Пахло пылью, кожей и крысами. Девочка вошла в чулан, робко озираясь по сторонам. Нянька и сопровождавшая их с ключами угрюмая старуха экономка ахали и упрекали Женю в непокорности и гордости.
— Я ей говорю: припади к бабушке, целуй ручку, проси прощения, а она стоит как статуя.
— Ай, нехорошо, сударыня. Барышне так поступать не пристало!
— Не убыло бы тебя, небось… А теперь посиди-ка здесь голодная!
— Губа толще, брюхо тоньше, недаром пословица сказывается. На-ко, вот теперь и сиди здесь, а мы пойдем… Запереть чулан-то, что ли, Максимовна?
— Зачем? Она не уйдет. На что другое, а на это она послухмяная.
— Так-то так, а не люблю я, как замка-то нет. Крыс у нас много, с двумя-то руками которые.
— А что здесь взять-то, не кладовая, ничего не укусишь, — возразила нянька и, обращаясь к Жене, прибавила: — Ну, сиди здесь, ужо я тебе подушки изла́жу… Темно, а зато мягко. Ишь, все пуховые, — сказала она, стараясь из подушек устроить подобие дивана.
Затем обе старухи ушли. Уходя, нянька шепнула, пользуясь тем, что экономка вышла вперед:
— Ты не бойся, я ужо забегу; при этой-то ябеде только говорить нельзя, все бабиньке перескажет; а я зайду, проведаю…
Дверь затворилась, и Женя осталась одна.
Первую минуту девочка хотела броситься за нянькой, просить свести ее к бабушке, молить о прощении, но момент был пропущен. Она с горьким рыданием сунулась головой в подушки, стараясь заглушить свой плач.
Она чувствовала себя глубоко обиженной, сознавая, что с ней поступили несправедливо, и горечь обиды действовала сильнее, чем страх наказания.
Женя совершенно не могла понять, почему это на нее бабушка так кричала, когда она совершенно резонно объяснила ей, что портрет уронила не нарочно. Разве можно вообще так кричать и браниться? Этого нигде, кроме России, не бывает, разве в самых невоспитанных кругах… А тут леди — и кричит, как необразованная баба, на свою внучку, на старшую дочь своего сына.
А Гриша? Ведь он знает, что ее наказали, как же он не пришел, не объяснил, в чем дело? Он трус и лгунишка, а его все любят и балуют, и Надю любят больше, чем ее. Больше? Да ее совсем, совсем не любят! Она им чужая, лишняя. Может быть, она им и не дочь? Ее подкинули, как в той книжке, что она читала, и вот теперь она им только мешает.
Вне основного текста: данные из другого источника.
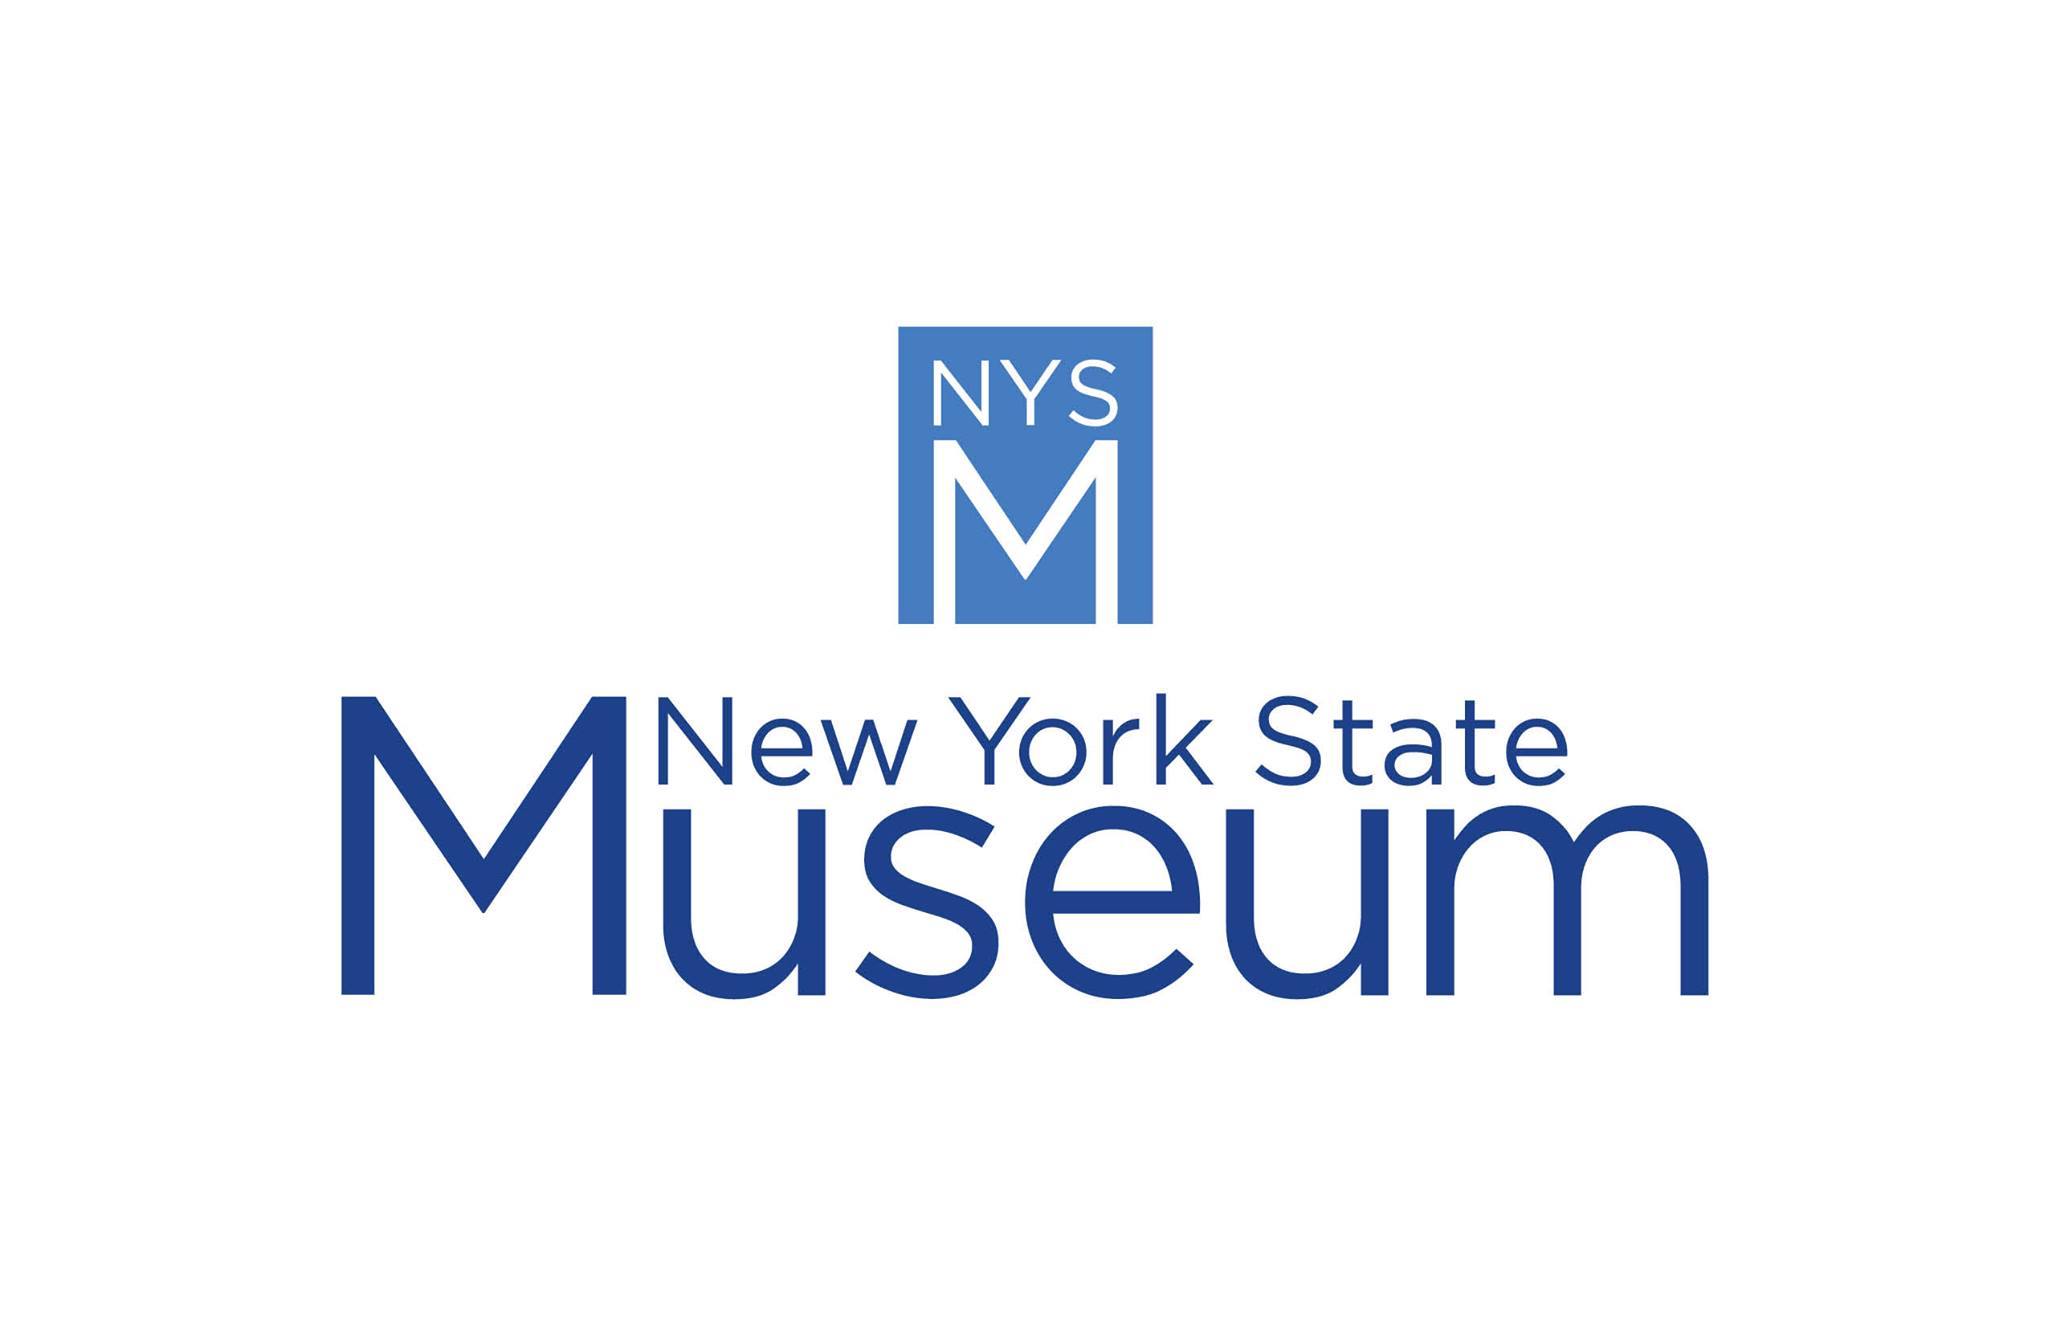 New York State Museum|Park|Travel

Боже, какая она несчастная… Лучше бы ей умереть! Тогда бы все узнали, что она не шалунья, что она была права, и пожалели бы все — и папа, и бабушка, и мама. Мама бедная, больная, она не может и заступиться за свою Женю… Им обеим лучше умереть.
И чем больше размышляла Женя на эту тему, тем больше успокаивалась. Слезы текли обильно, горло не сжималось, дышать становилось легче, и девочка незаметно в слезах уснула, только судорожно временами всхлипывая во сне.
Проспала она недолго. Ее разбудил какой-то шорох. Девочка вскочила и сразу не могла понять, где она находится. В чулане было совершенно темно. Женя, несмотря на свои споры с нянькой насчет домовых, боялась темноты и не привыкла к ней, так как с детства в ее комнате теплилась лампадка — дань воспоминания тетки о родине. Когда она сообразила, что наказана и сидит в темном чулане, она почувствовала страх. Первой мыслью было броситься к дверям и закричать, но в эту минуту по полу что-то пробежало мимо нее, и она так и замерла.
— Крысы, — подумала она с ужасом. — Крысы! Они гадкие, большие, кусаются… Съели епископа Гаттона [6], — припомнилось ей вдруг.